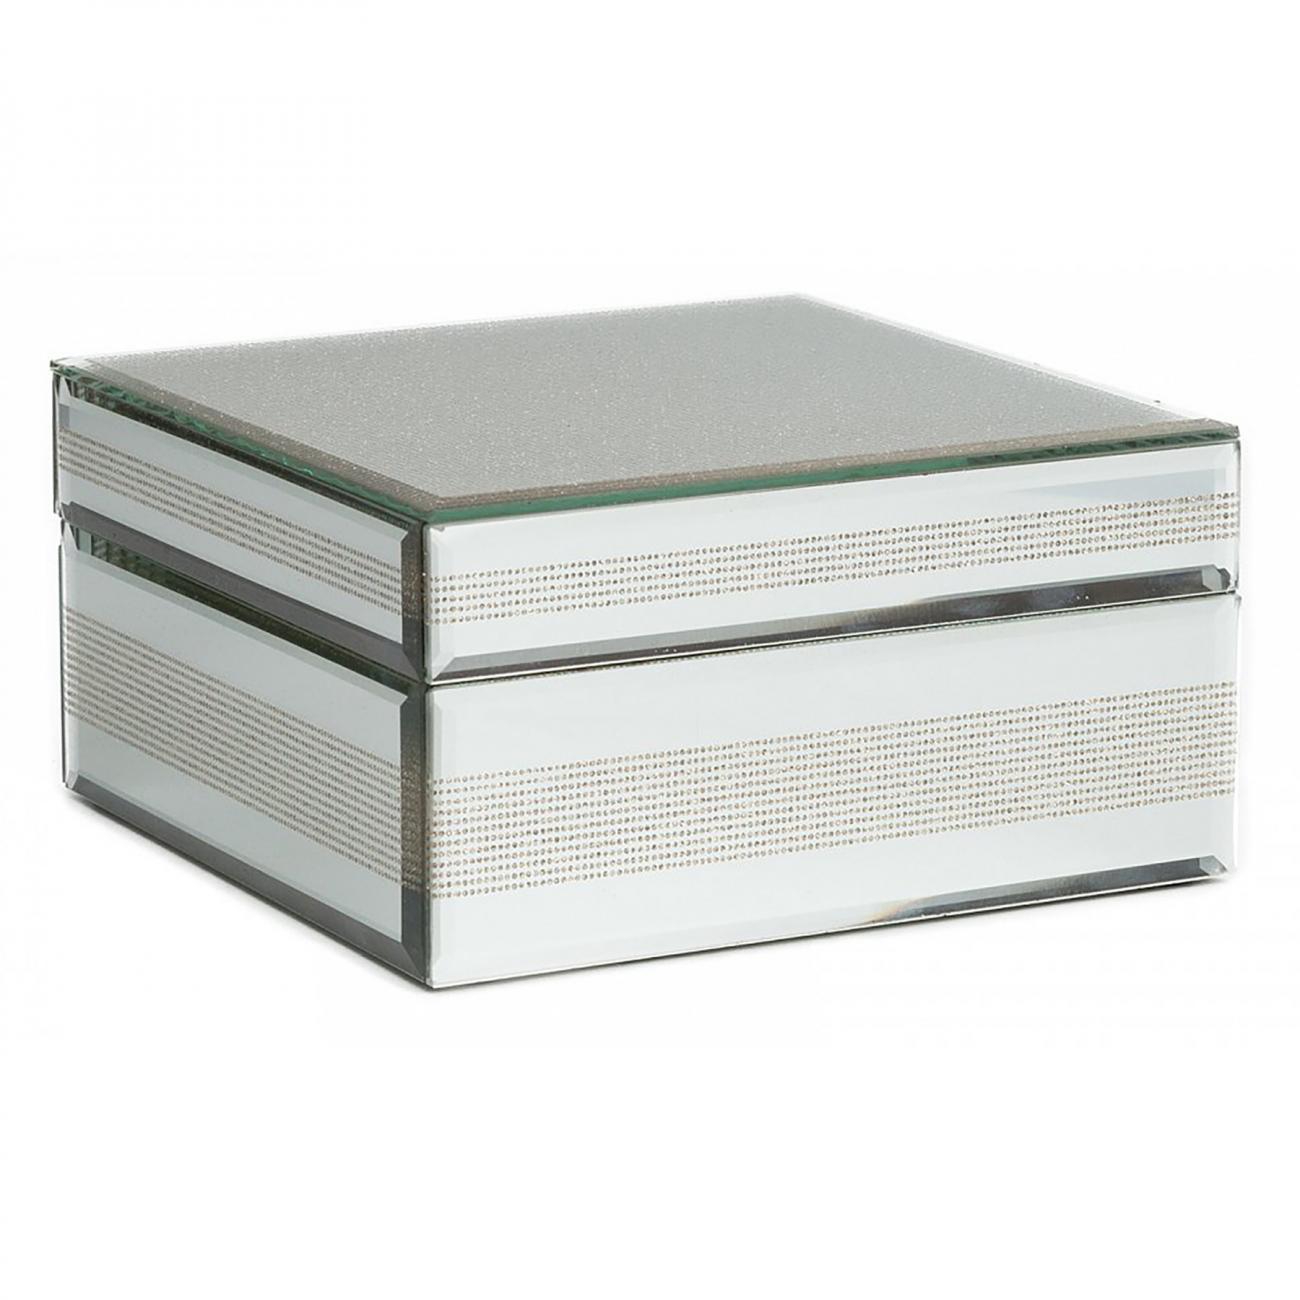 Купить Зеркальная шкатулка (коробка) Antiqued квадратная в интернет магазине дизайнерской мебели и аксессуаров для дома и дачи
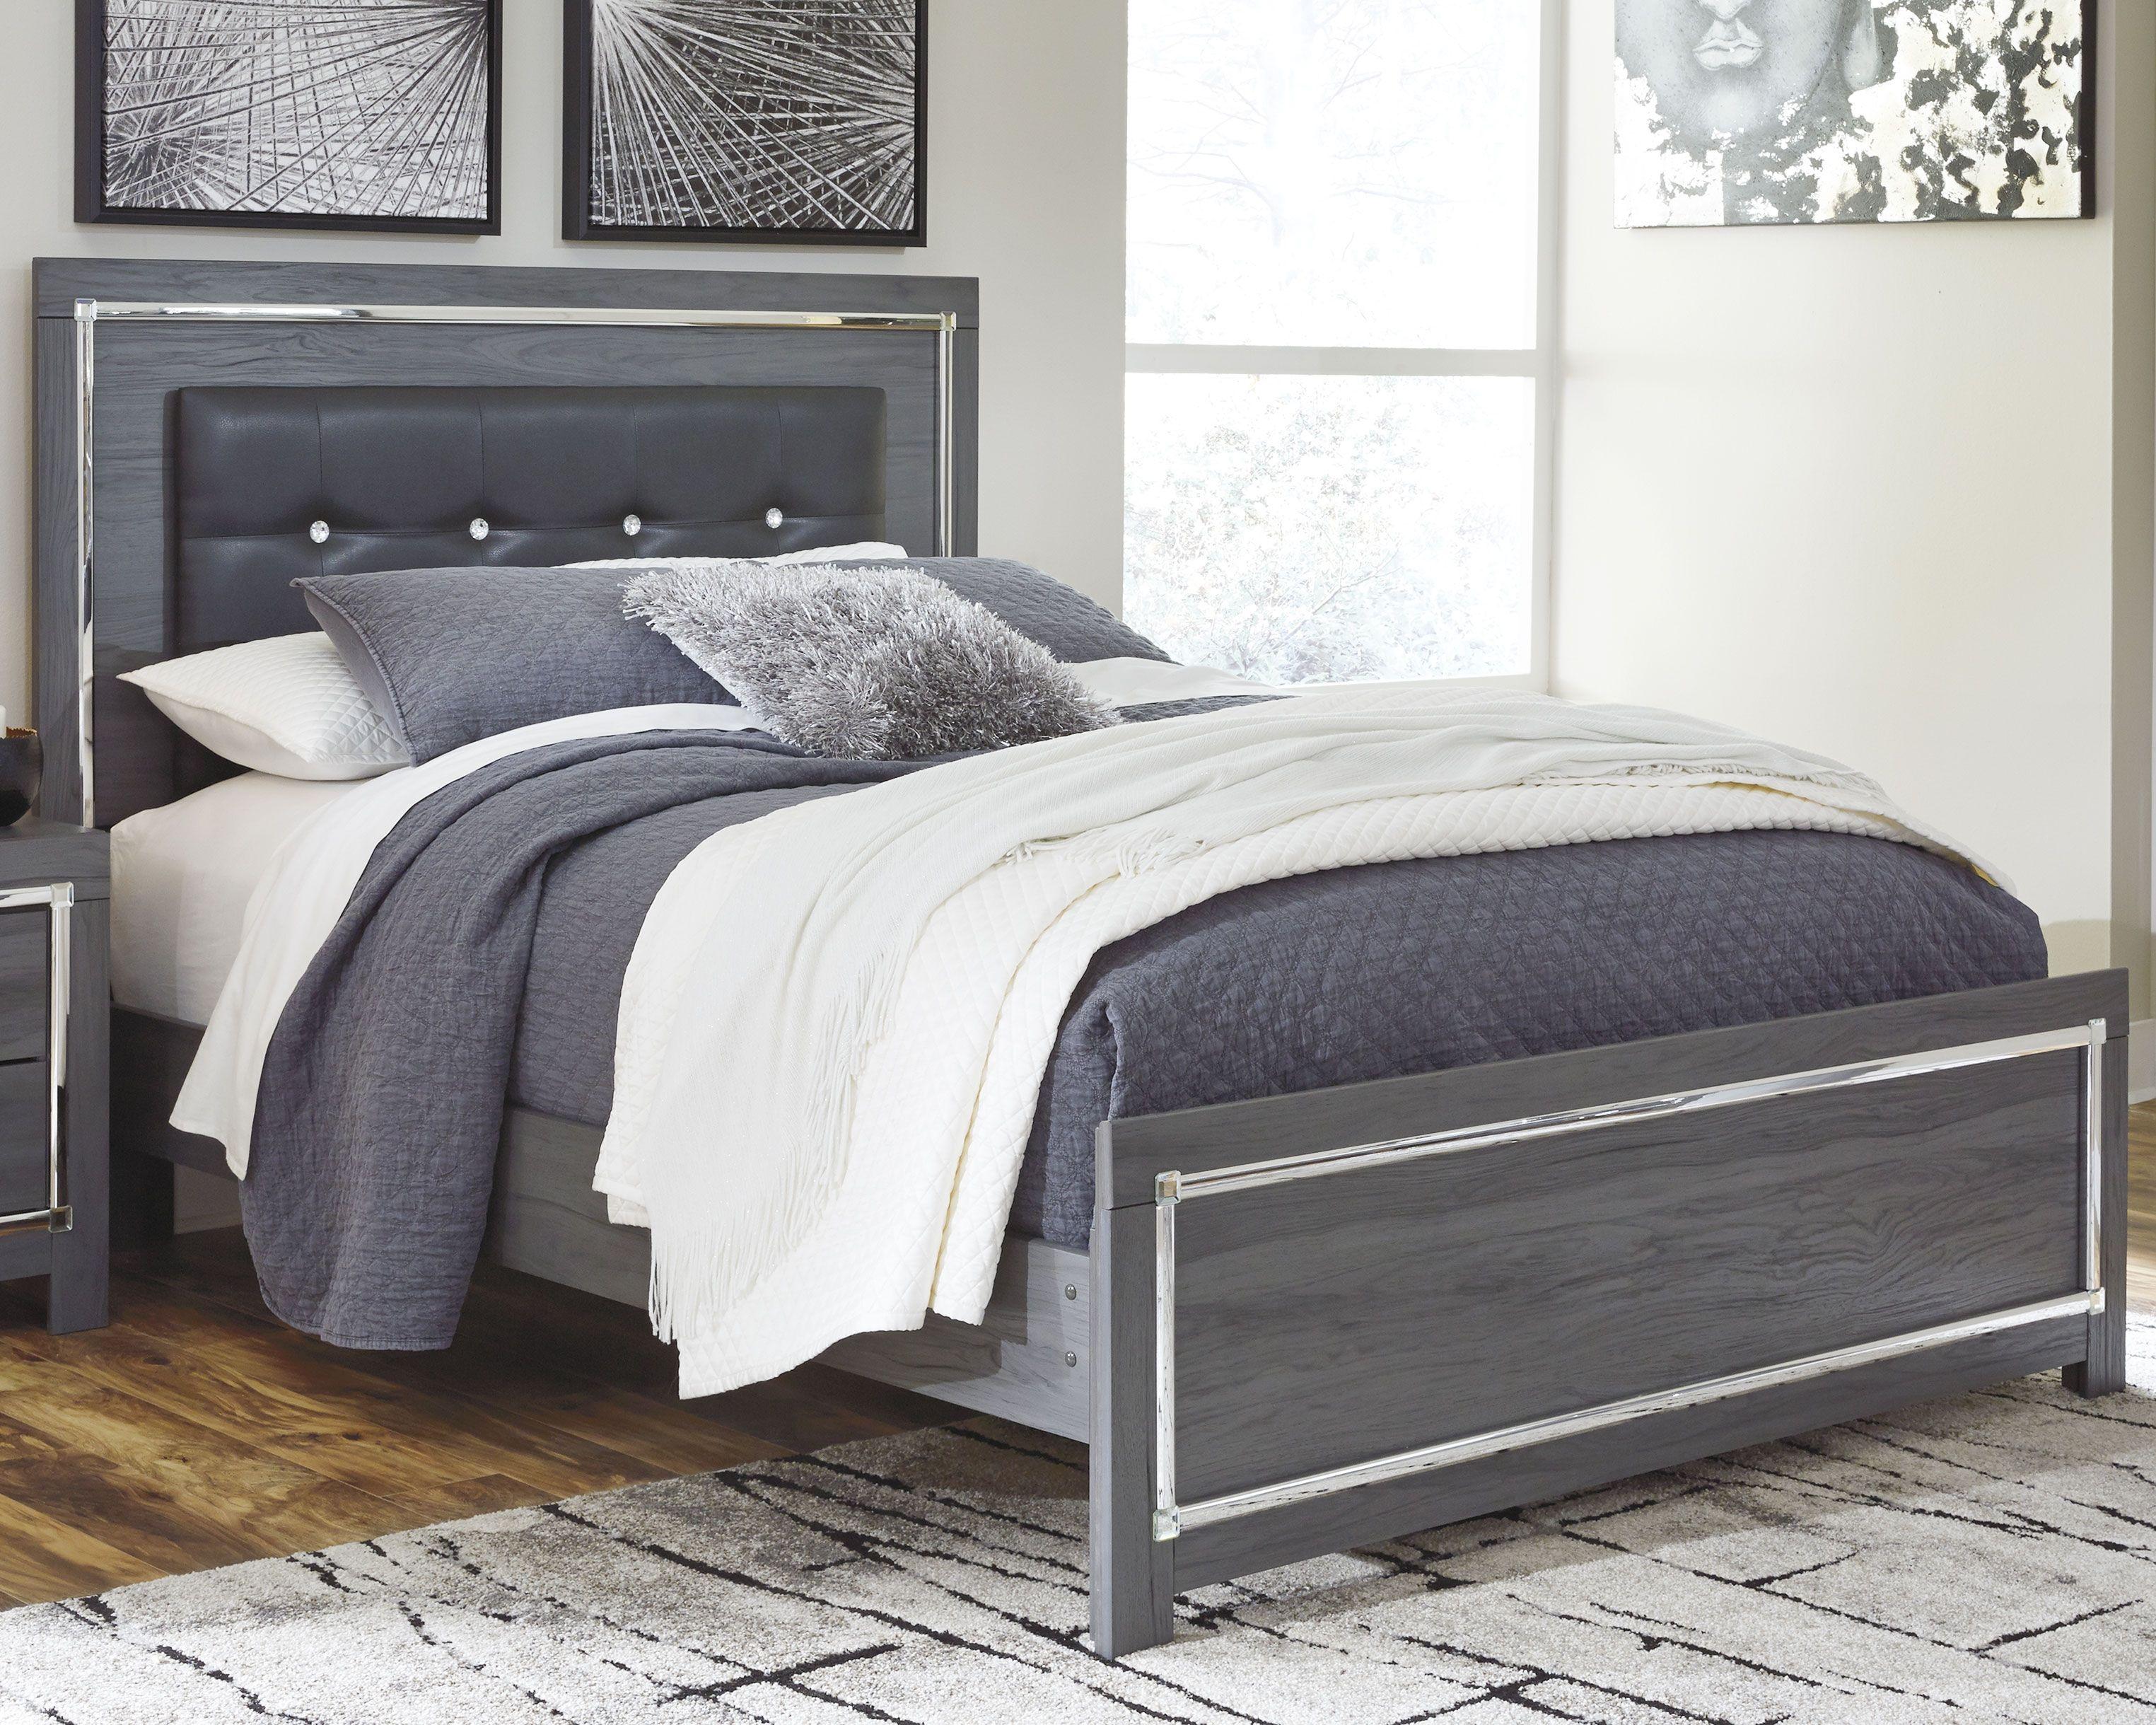 Lodanna Queen Panel Bed Gray In 2020 Panel Headboard Panel Bed
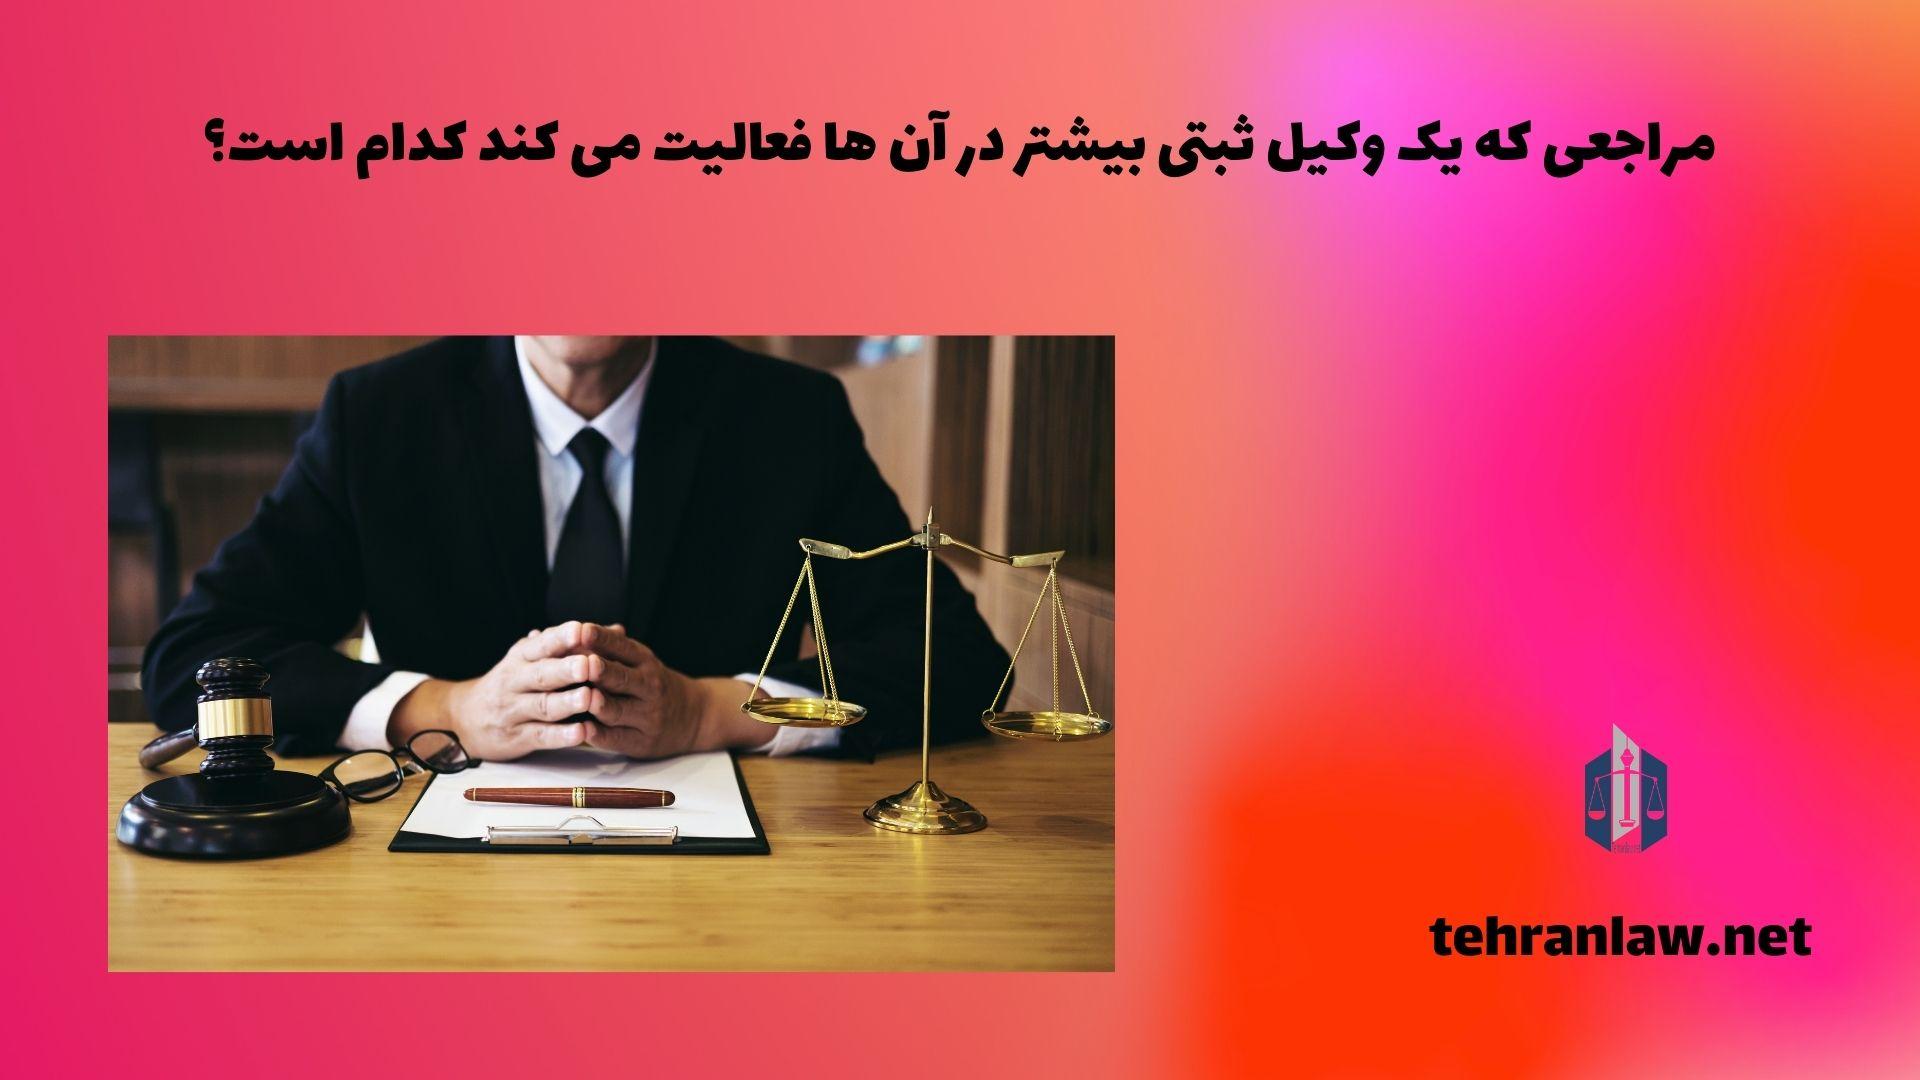 مراجعی که یک وکیل ثبتی بیشتر در آن ها فعالیت می کند، کدام است؟

■ About this exercise ■
Pictures aside, the material must be written out word for word.

■ Exercise output ■
 Купить Зеркальная шкатулка (коробка) Antiqued квадратная в интернет магазине дизайнерской мебели и аксессуаров для дома и дачи
 Lodanna Queen Panel Bed Gray In 2020 Panel Headboard Panel Bed
 مراجعی که یک وکیل ثبتی بیشتر در آن ها فعالیت می کند، کدام است؟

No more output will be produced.